On very large applications like AT&T's RNS (residential account management for BellSouth) that exceed million-lines-of-c-code the only thing that made the application workable for new features was the fact that it was created in a CMM III product environment thus it was well documented in design, development, testing, feature changes, bug fixes, etc. Even with all of this the number of processes and related data stores still showed a lot of bleed over and function duplication (there was no simple way to determine if a function was in existence that already did what you needed and even harder to determine if it was state data dependent and thus unusable in certain other states.
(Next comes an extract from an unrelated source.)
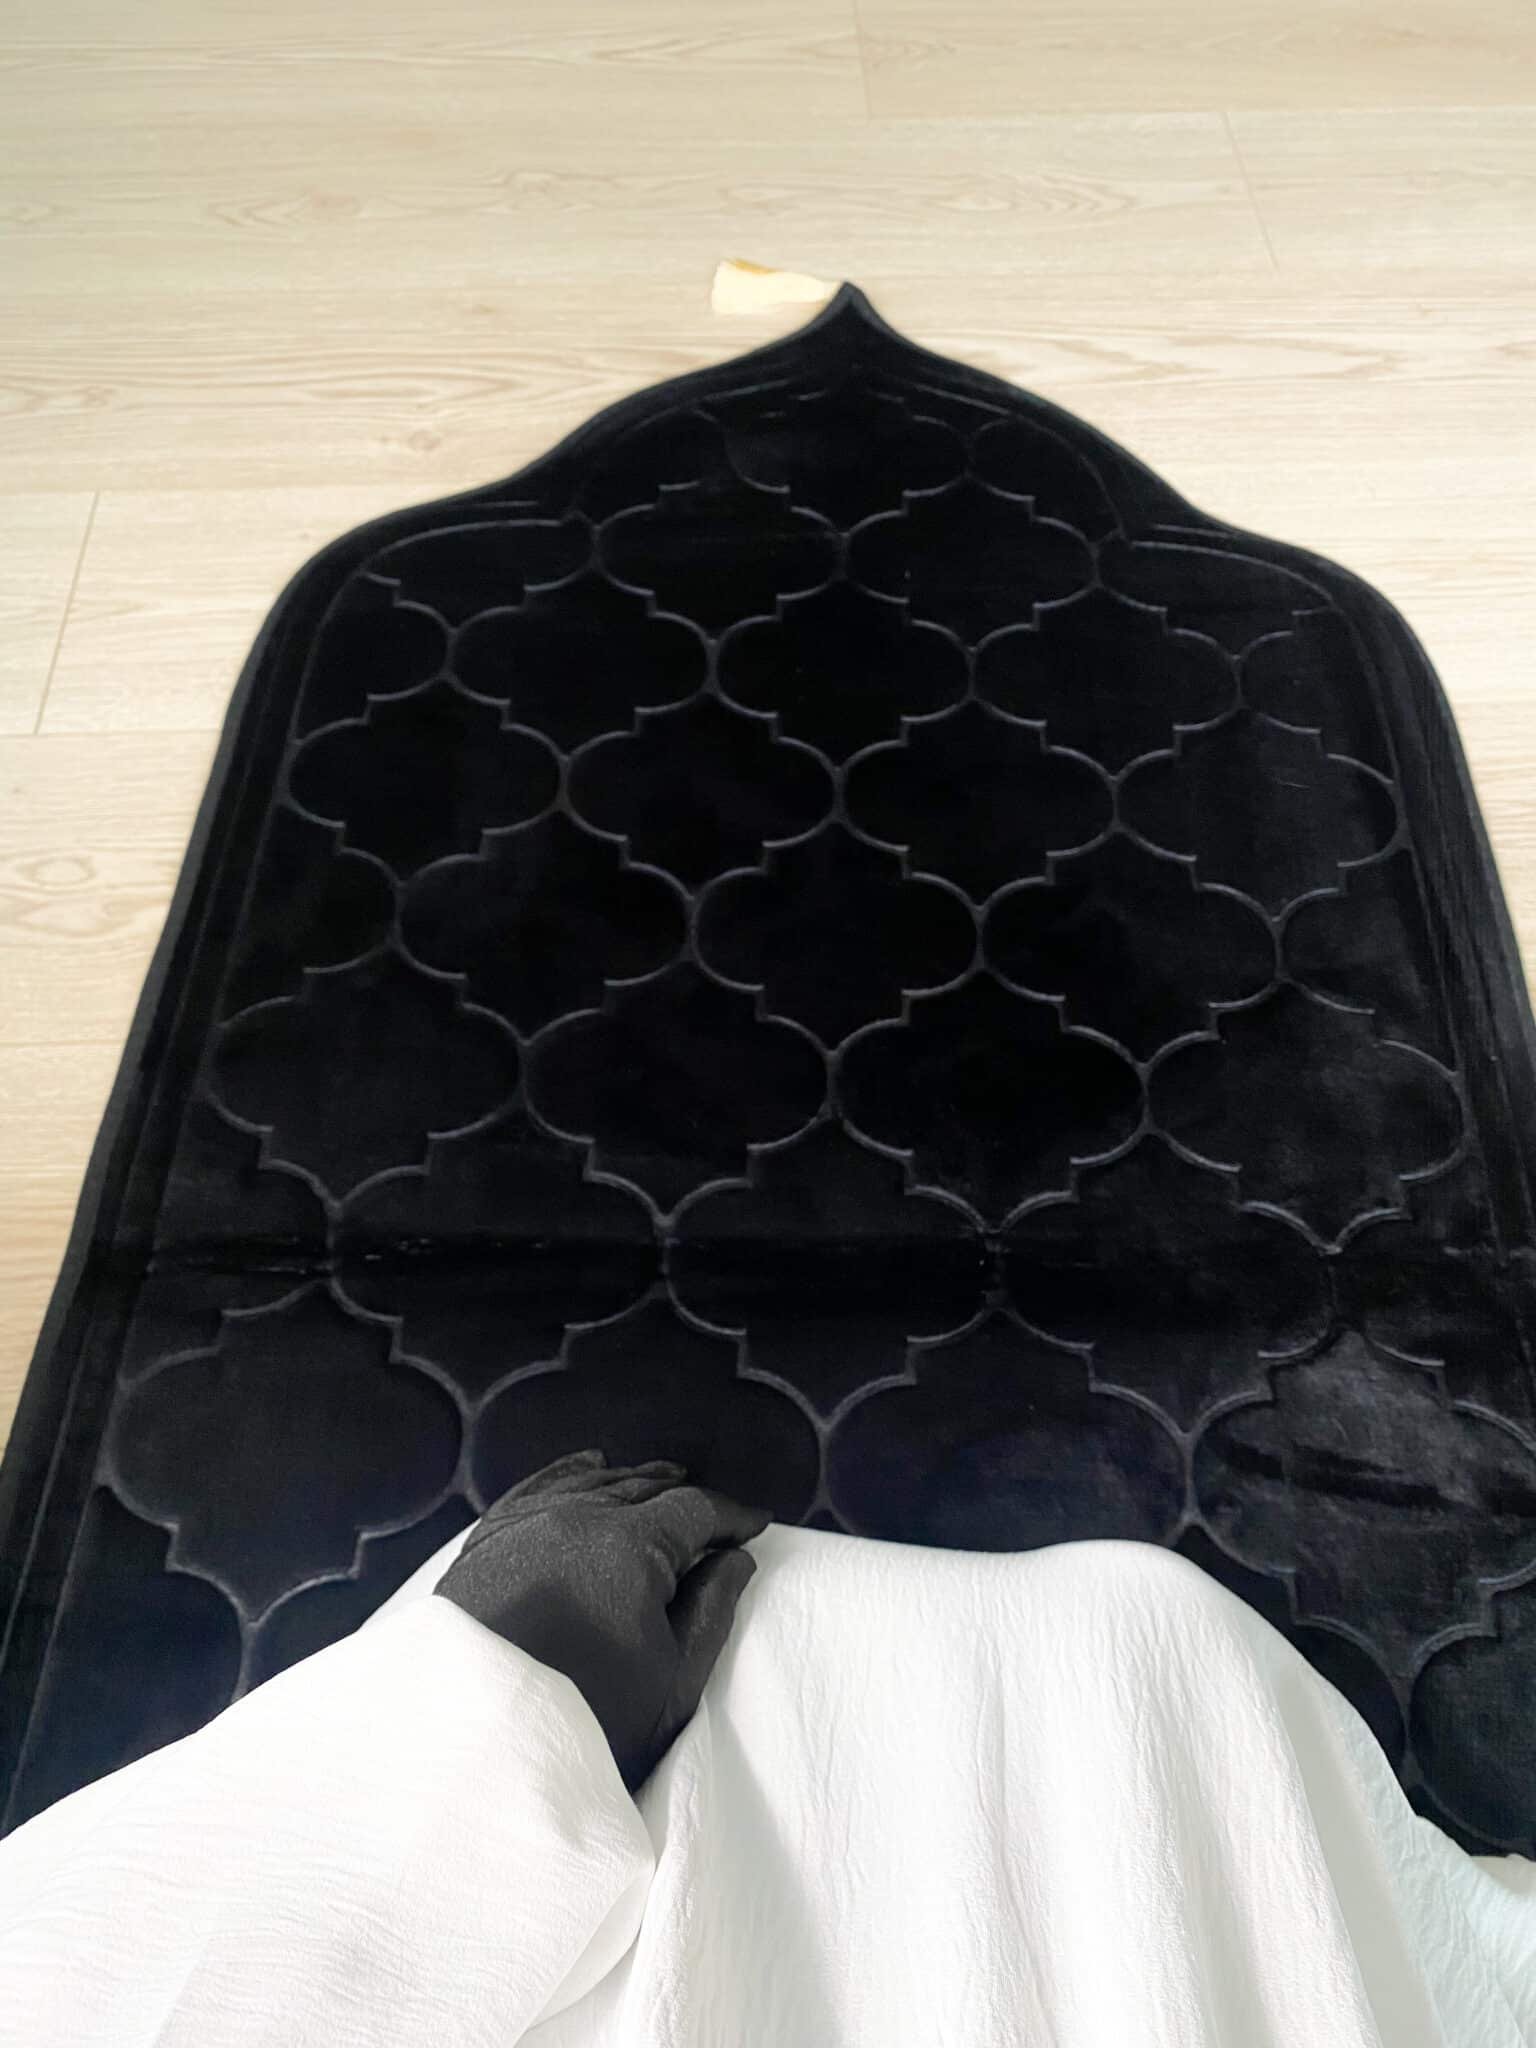 Mokia Tapis de prière musulman en coton polyester antidérapant

Attempts by us (contract coders mainly) to get the company to allow us build a function-finding-tool/database to eliminate this problem fell on mostly deaf ears.
Because of this we had to depend on the longer-lived of the system architects to get an idea of where functionality existed. There were many times though when no one knew and weeks had to be spent reverse engineering communication structures, what the heck undocumented stretches of code did, re-write the documentation correctly and then start to implement the feature or correct the problem that had "been there for years." Management did not like the time taken to repair poor coding as this was not included as one our trackable metrics and therefore not in our feature/bug's budget (since it was not considered to be either).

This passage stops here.